§ What is being asked
Images don't belong in the copy. Output the rest of the data exactly.

§ Available data
********
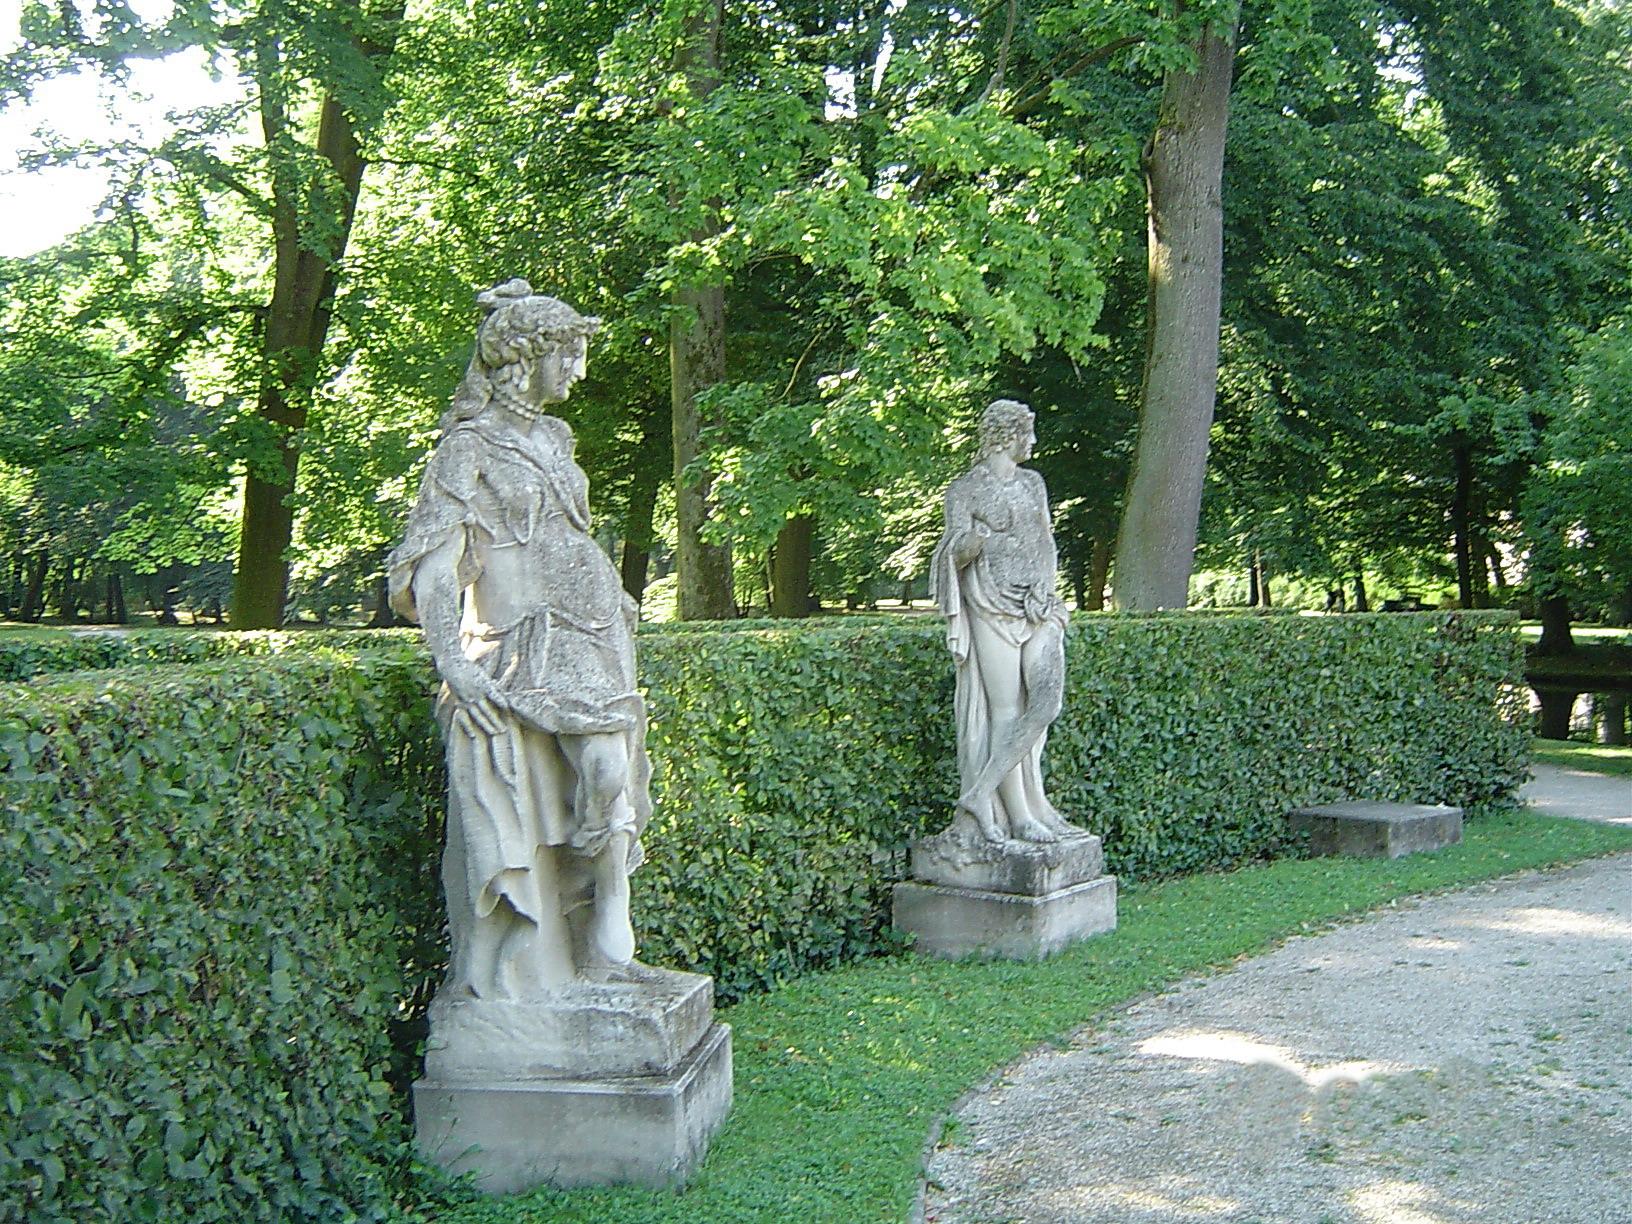 Full Size of Garten Skulpturen Neues Schloss Trampolin Trennwände Schaukel Für Lounge Möbel Wohnen Und Abo Holztisch Wasserbrunnen Loungemöbel Liegestuhl Gewächshaus Garten Garten Skulpturen
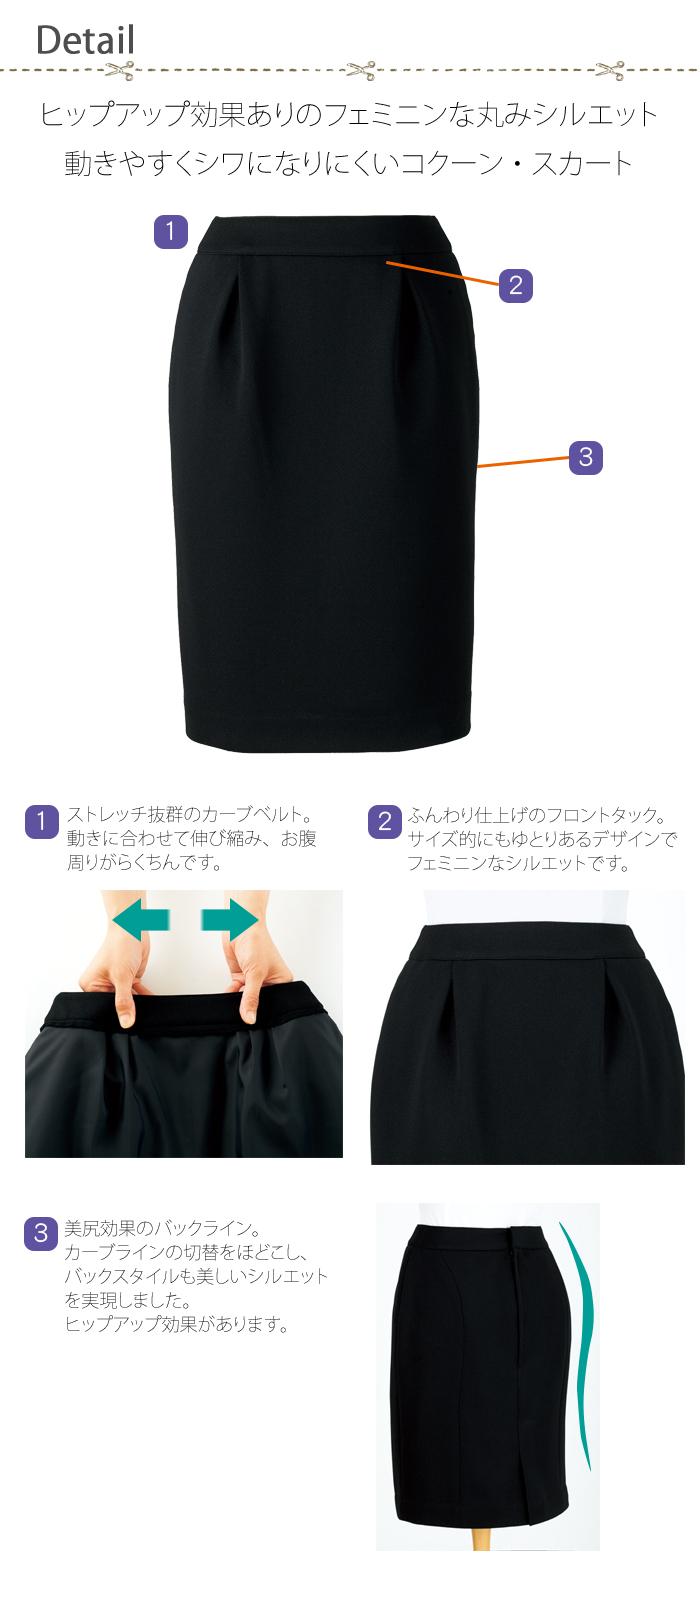 51690ニット素材のコクーンスカート  商品詳細説明
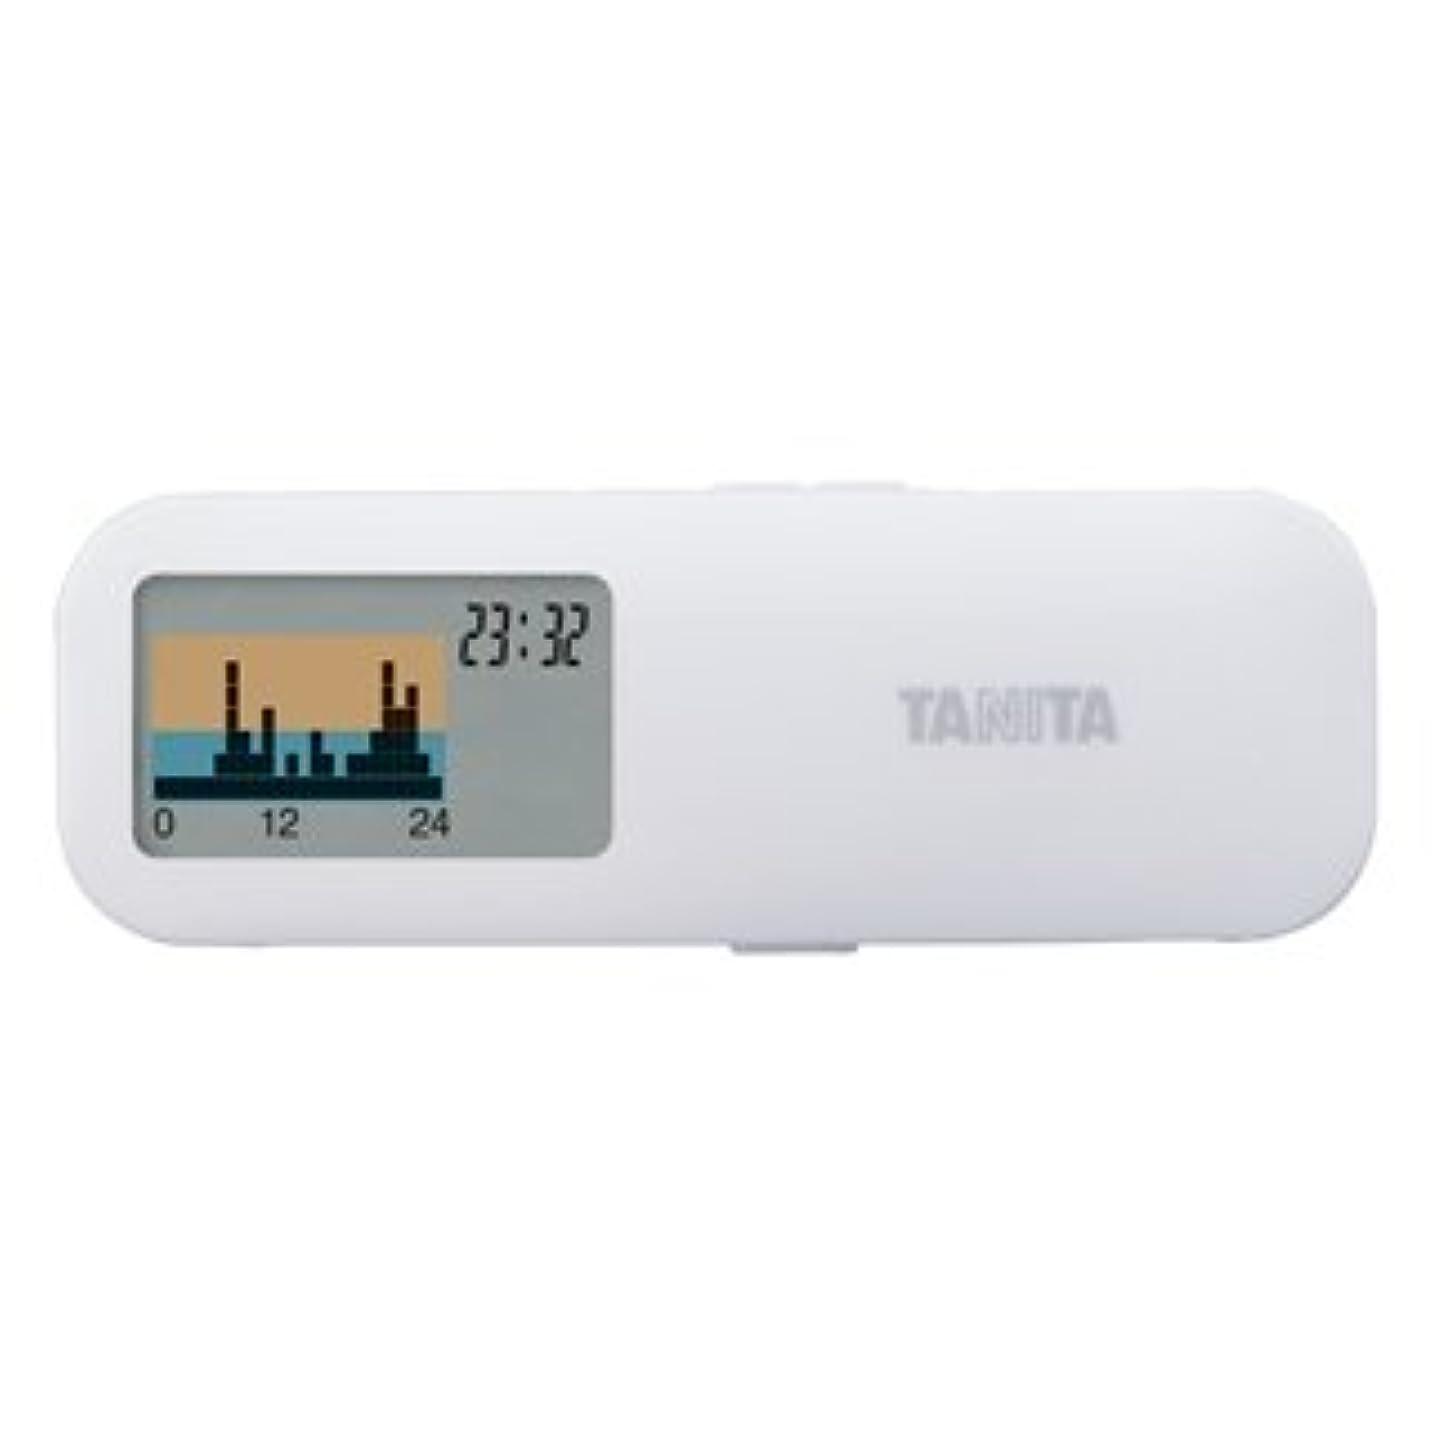 クレジットペネロペインスタントタニタ 活動量計(ホワイト)TANITA カロリズムSlim AM-122-WH
********
§ Written solution
 Full Size of Garten Skulpturen Neues Schloss Trampolin Trennwände Schaukel Für Lounge Möbel Wohnen Und Abo Holztisch Wasserbrunnen Loungemöbel Liegestuhl Gewächshaus Garten Garten Skulpturen
 51690ニット素材のコクーンスカート  商品詳細説明
 クレジットペネロペインスタントタニタ 活動量計(ホワイト)TANITA カロリズムSlim AM-122-WH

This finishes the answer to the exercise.